Marshall nodded. He would just as soon not hear these things about Gordon.
“Maybe a lot was expected of him when he was young,” Beth said. “It was that way with my older brother. I have an older brother, too. He works for a conservation group in Africa. He’d do anything for an animal, but he doesn’t even send my mother a birthday card. Sometimes a postcard, but there’s never much information on it. She was going to visit him once, and he told her there were too many diseases, not to come.”
“He was probably telling her for her own sake,” Marshall said.
“Men stick together, they really do.” She sighed. “I don’t even believe that you believe that.”
“I don’t,” Marshall said.
“I like you,” she said again. She looked around. “I was thinking about getting a few ficus, or something like that. Do you think there’s enough greenery, or would more look nice?”
“It looks perfect to me, but I’m not very good at envisioning things when they aren’t in place.”
“Hmm,” she said. “Gordon’s very good at that, usually. You know what he does? He gets a piece of paper and he draws polka dots on it. He says doing that allows him to envision what things will look like before he breaks his back moving everything.”
He nodded.
“Did he tell you about the letters?”
“Letters?” He had been thinking about ficus trees. Were ficus the ones with small, wrinkly leaves? The ones they sold sometimes in the supermarket in New Hampshire?
“He didn’t tell you,” she said, matter-of-factly. “I don’t suppose I thought he really had.” She slid forward, placing her feet together, the beer bottle half-empty. “Don’t tell him I told you,” she said.
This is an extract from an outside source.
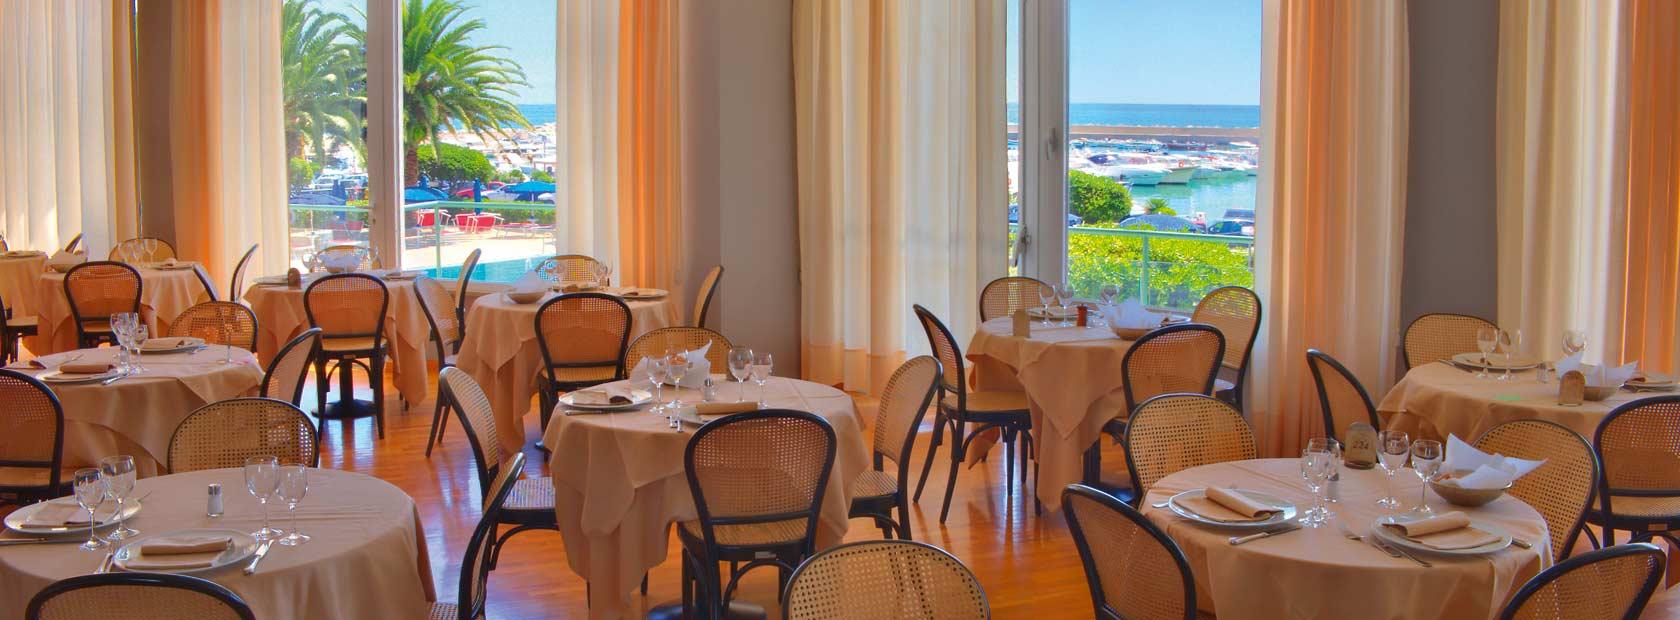 hotel-ristorante-numana-s002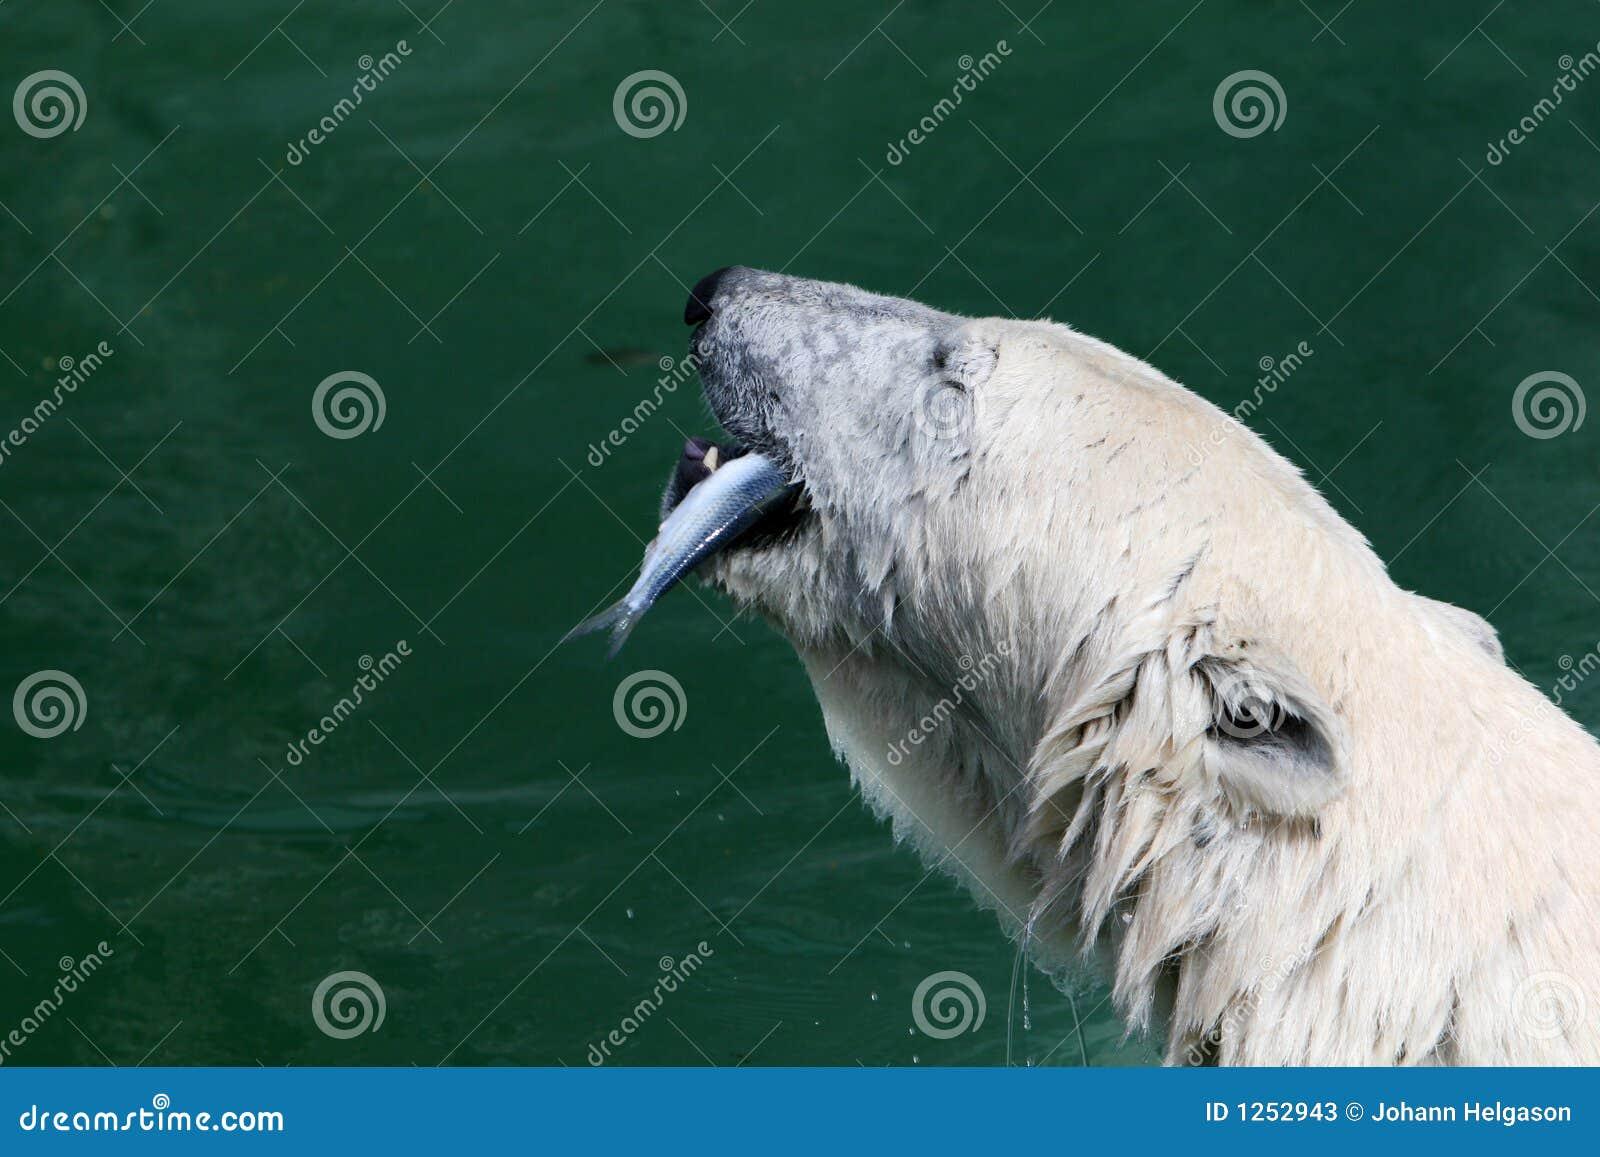 Papa bear stock photos image 1252943 for Dreaming of eating fish

“What about letters?” he said.
“The nurse. That woman, who was so nice. She called to say they’d be coming. I really shouldn’t tell you this, because you almost got the letters. Evie was going to give them to Sonja and you until just before she died. She changed her mind, the nurse said, and wanted them to be sent to me and Gordon. I hardly knew her, so she was sending them to Gordon, not to me.”
He frowned.
“Don’t tell him,” she said again.
“Okay,” he said.
“Well, she called to say how sorry she was, but to say she’d heard from the nurses at the hospital that she didn’t die a painful death, and all of that. Gordon told her we’d see her at the funeral. I was going to go. If he went, I was going to go with him. Anyway, the nurse was calling to say she was sending the things by Federal Express, because she didn’t feel right about putting jewelry in the mail and just mailing it. I told Gordon he should send some money to reimburse her, that that was probably what she was hinting about. Well, she did send it. This necklace was in its original box, from a jewelry store in Boston. I kept the box, because it’s beautiful too. I started to read the letters, but I didn’t understand anything in them. Sort of business letters, about somebody’s delayed arrival. They were boring, to tell you the truth. I put them aside and thought maybe I’d look at them again some other time, and then Gordon got home from work and started reading them. They were in three packages, tied with ribbon. He read about half of one pack and then he said, ‘You know, the truth of the matter is, I don’t much like surprises.’ He doesn’t, either. He likes to know in advance what I’m getting him for his birthday. He told me right out, when I hardly knew him, that if I ever gave him a surprise party, he’d never speak to me again. I wish you’d gotten the letters, because then I could find out if that stuff meant anything. I saw them and they didn’t look like love letters. I think he was just teasing. But he didn’t like having them, so do you know what he did? He took them with him when he made a night dive. He and his buddy went out together, and when he went down he tucked the whole pile of them under a rock on the bottom of the ocean. Littering the Atlantic! At first I thought he was kidding me, but then it turns out to be true. He took a bunch of her old letters and drowned them.”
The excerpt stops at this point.